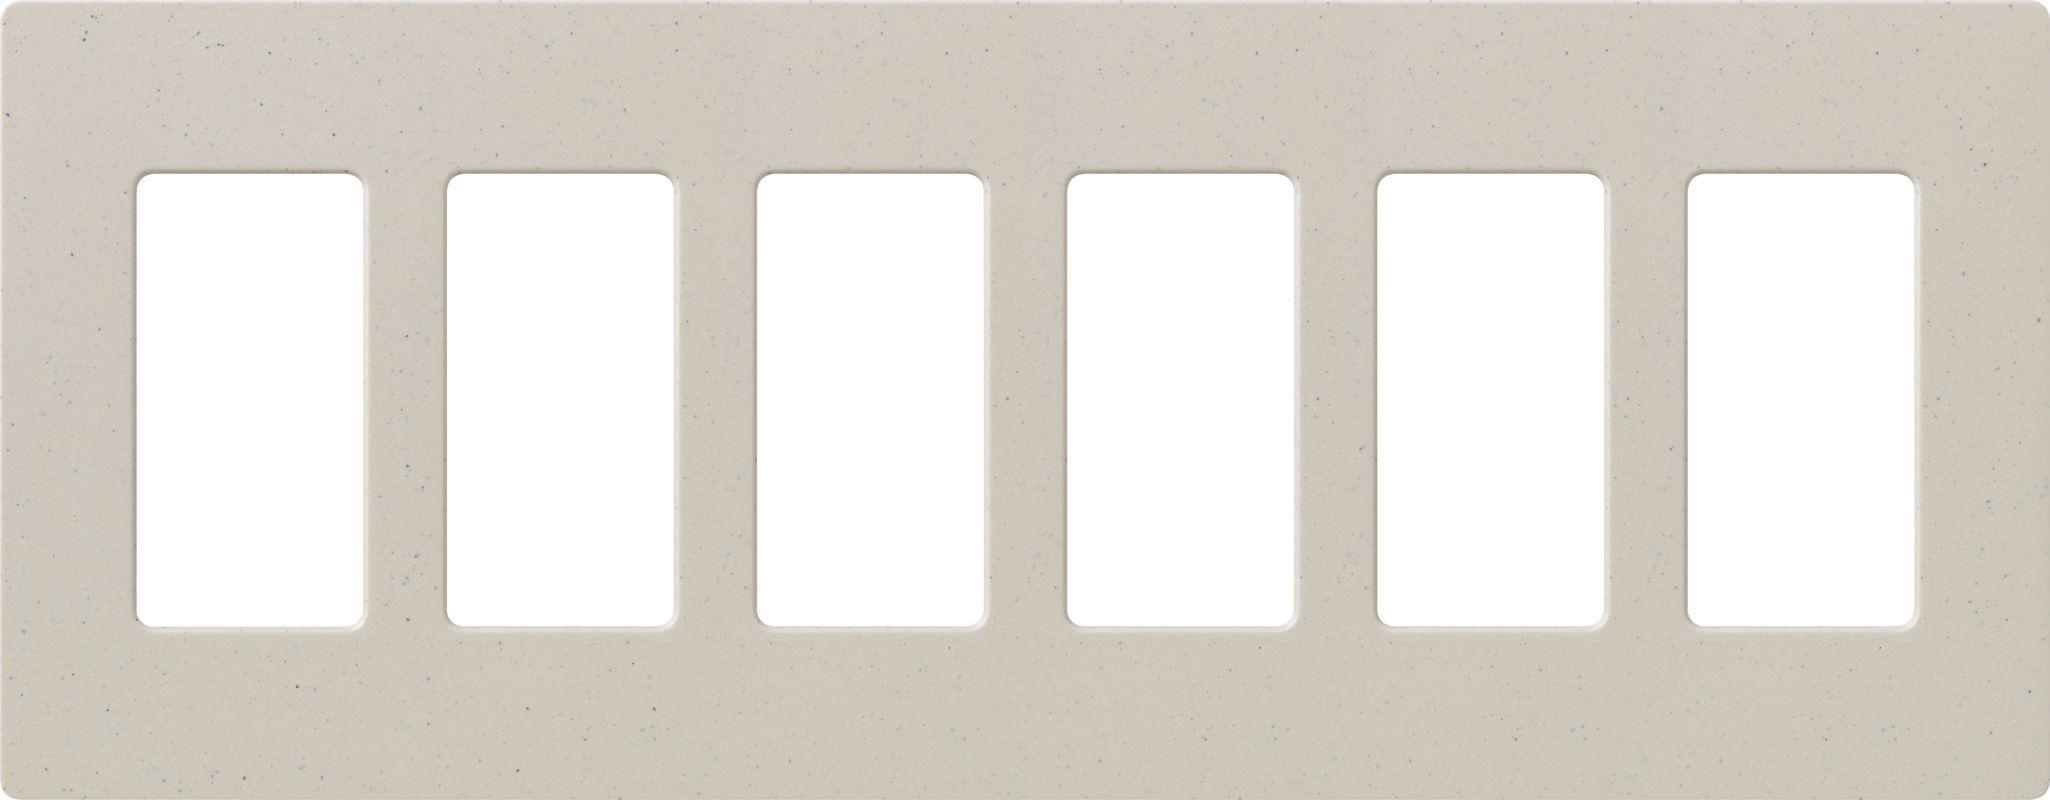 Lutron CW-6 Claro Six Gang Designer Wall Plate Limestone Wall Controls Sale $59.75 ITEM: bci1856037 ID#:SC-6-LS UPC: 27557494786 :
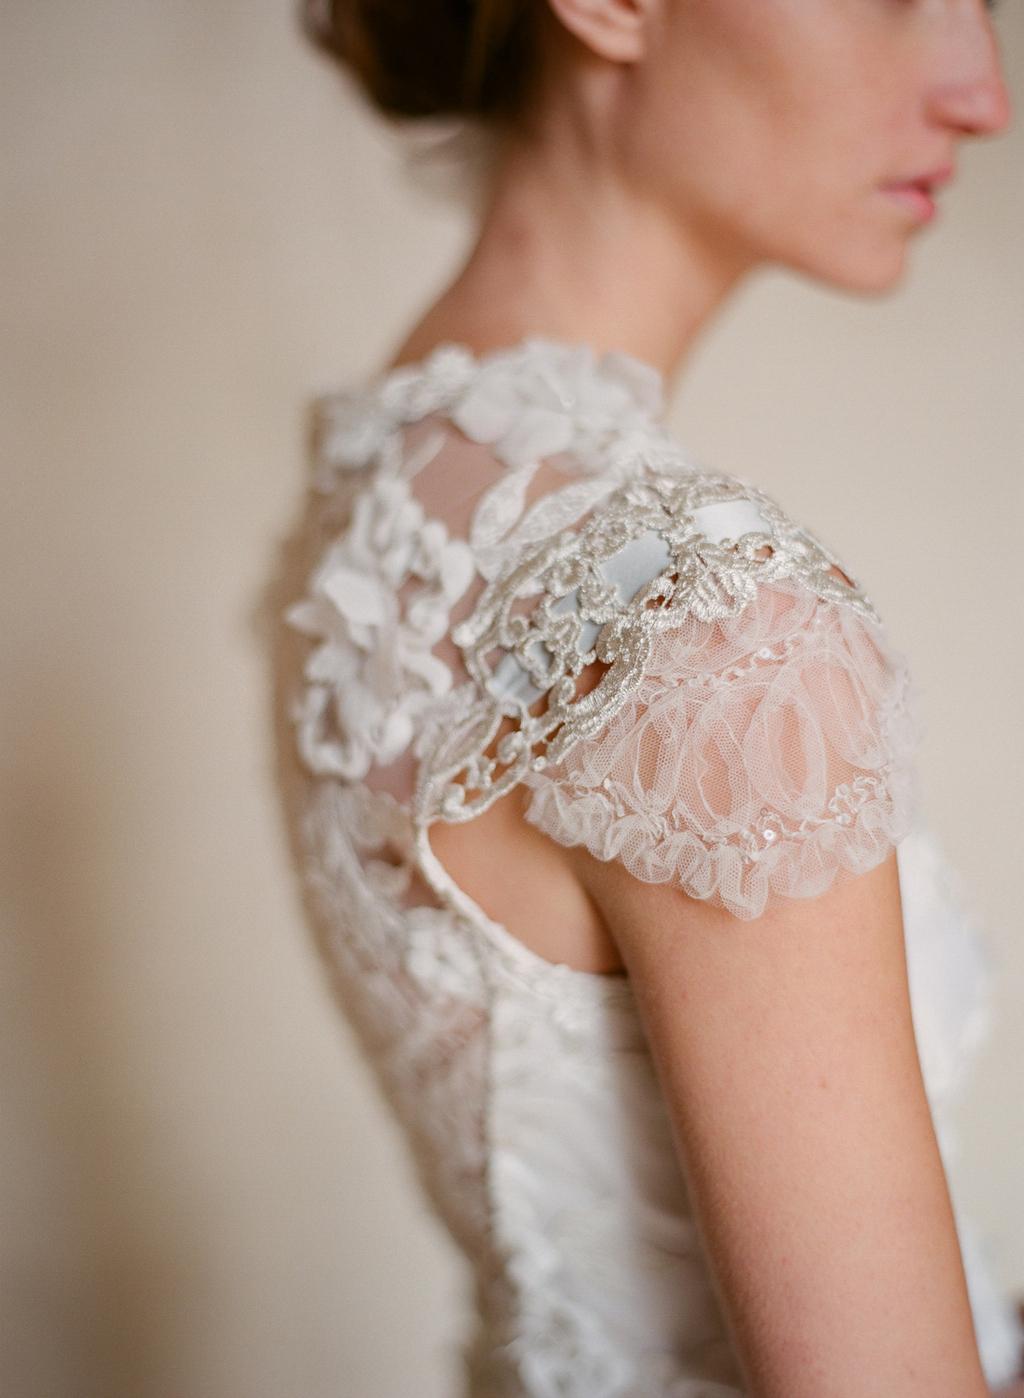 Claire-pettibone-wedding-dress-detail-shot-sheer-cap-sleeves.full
──────────────────────────────
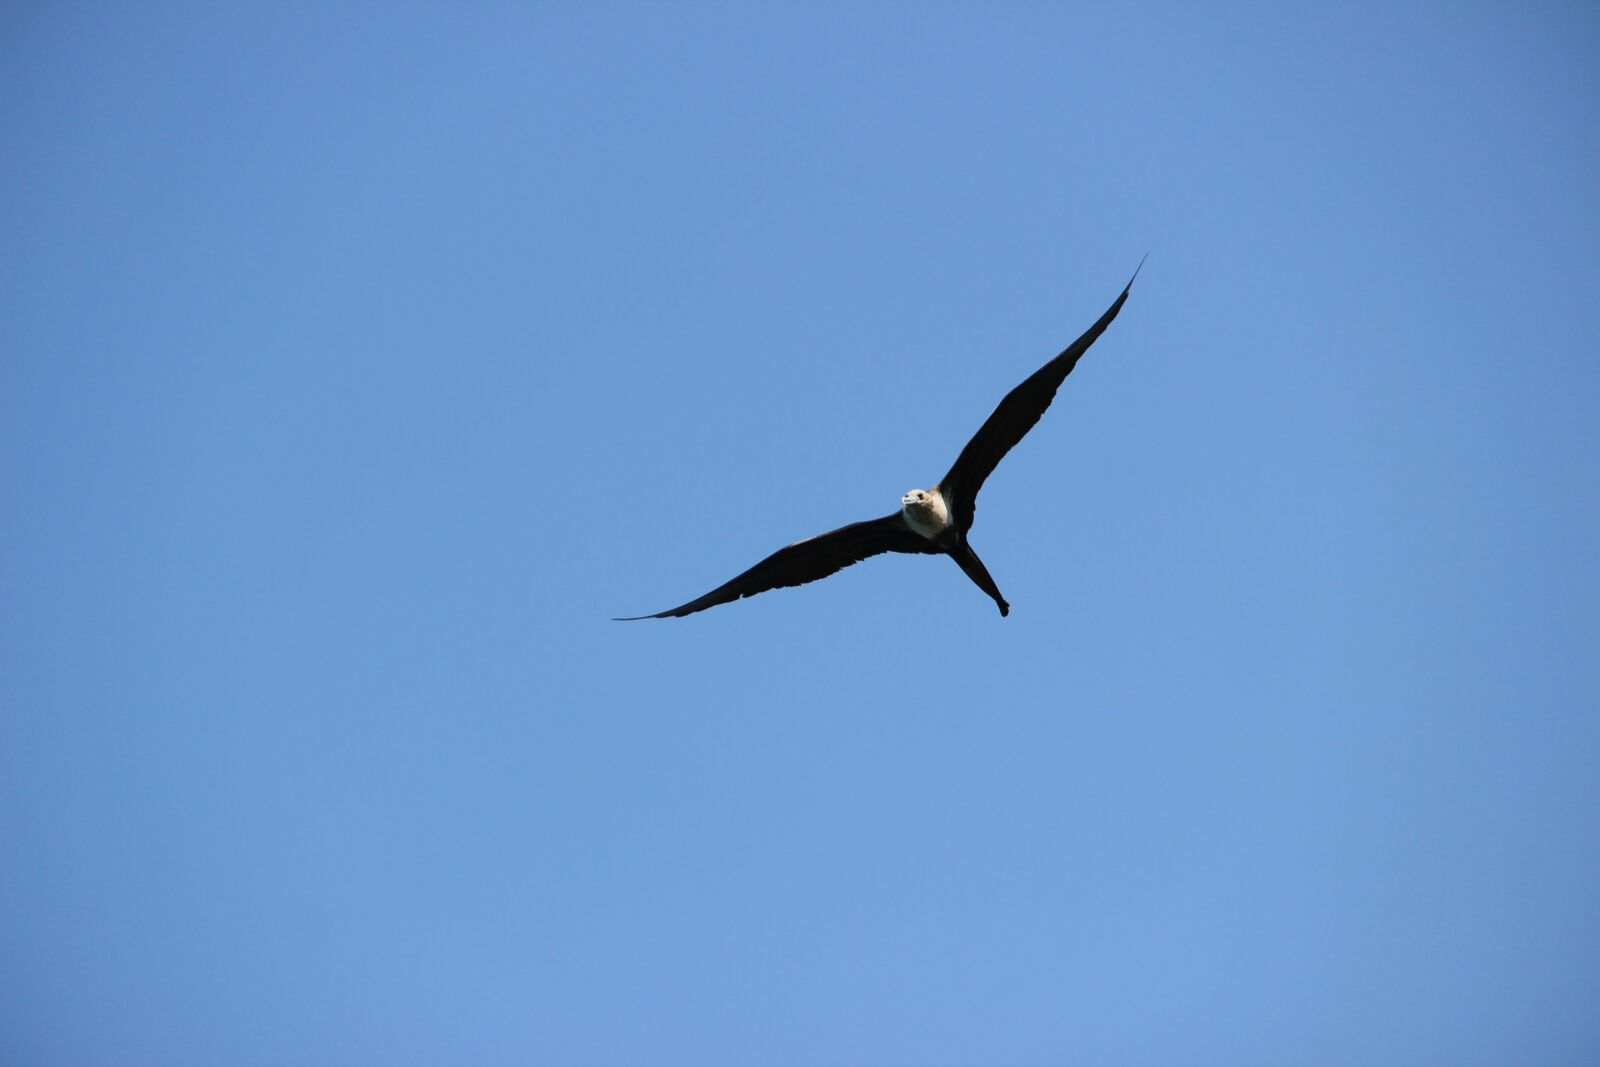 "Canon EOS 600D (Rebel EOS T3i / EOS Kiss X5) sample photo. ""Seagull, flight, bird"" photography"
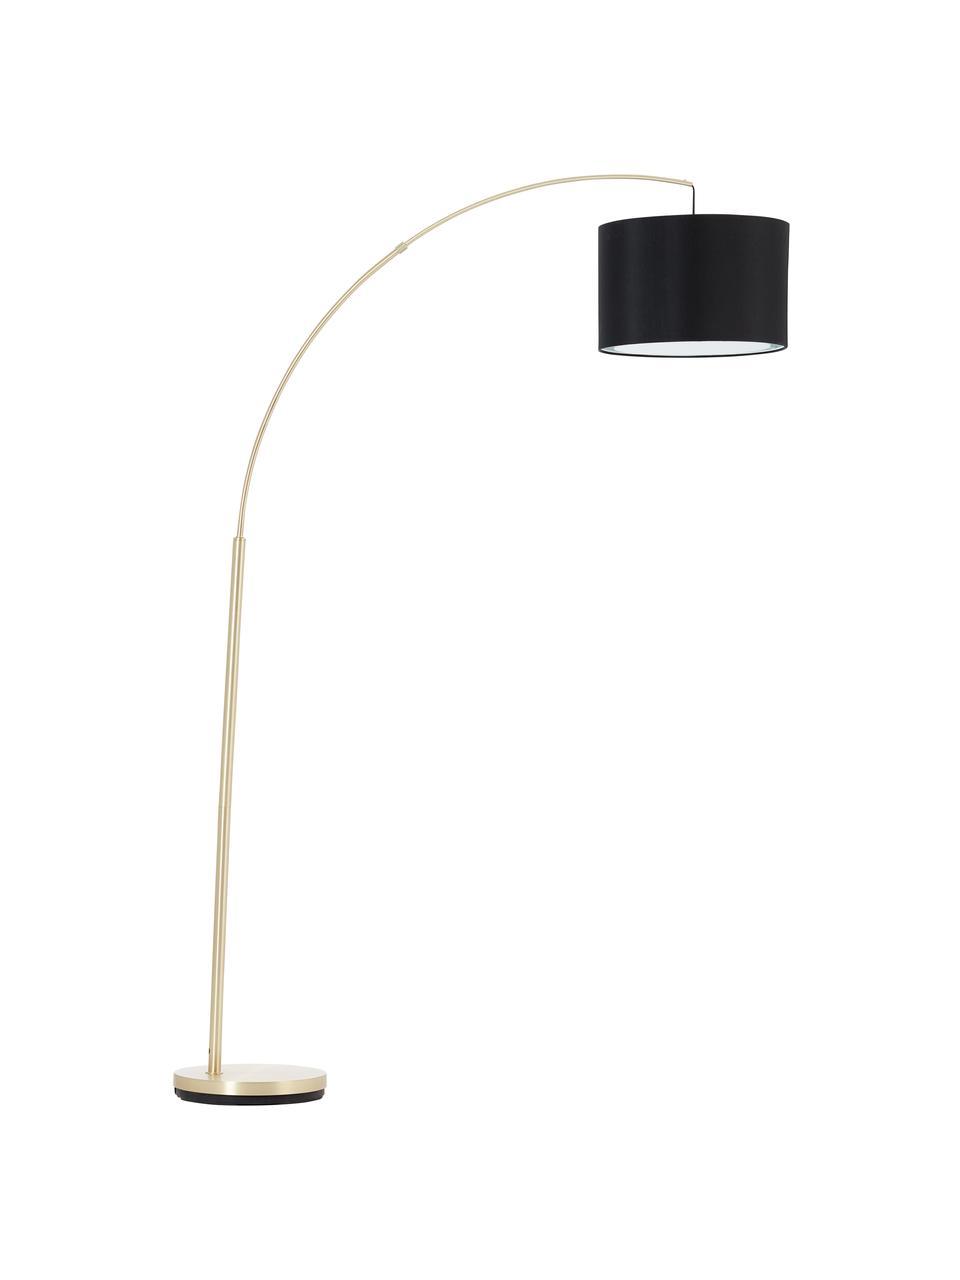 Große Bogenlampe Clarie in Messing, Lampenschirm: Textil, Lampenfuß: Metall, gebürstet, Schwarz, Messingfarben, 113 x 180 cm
──────────────────────────────
Going back to the data above, write out everything from the line with "EOS 600D (Rebel" down to the line with "Große Bogenlampe Clarie", both included, leaving every picture out.

§ **Exercise result**
 "Canon EOS 600D (Rebel EOS T3i / EOS Kiss X5) sample photo. ""Seagull, flight, bird"" photography"
 Große Bogenlampe Clarie in Messing, Lampenschirm: Textil, Lampenfuß: Metall, gebürstet, Schwarz, Messingfarben, 113 x 180 cm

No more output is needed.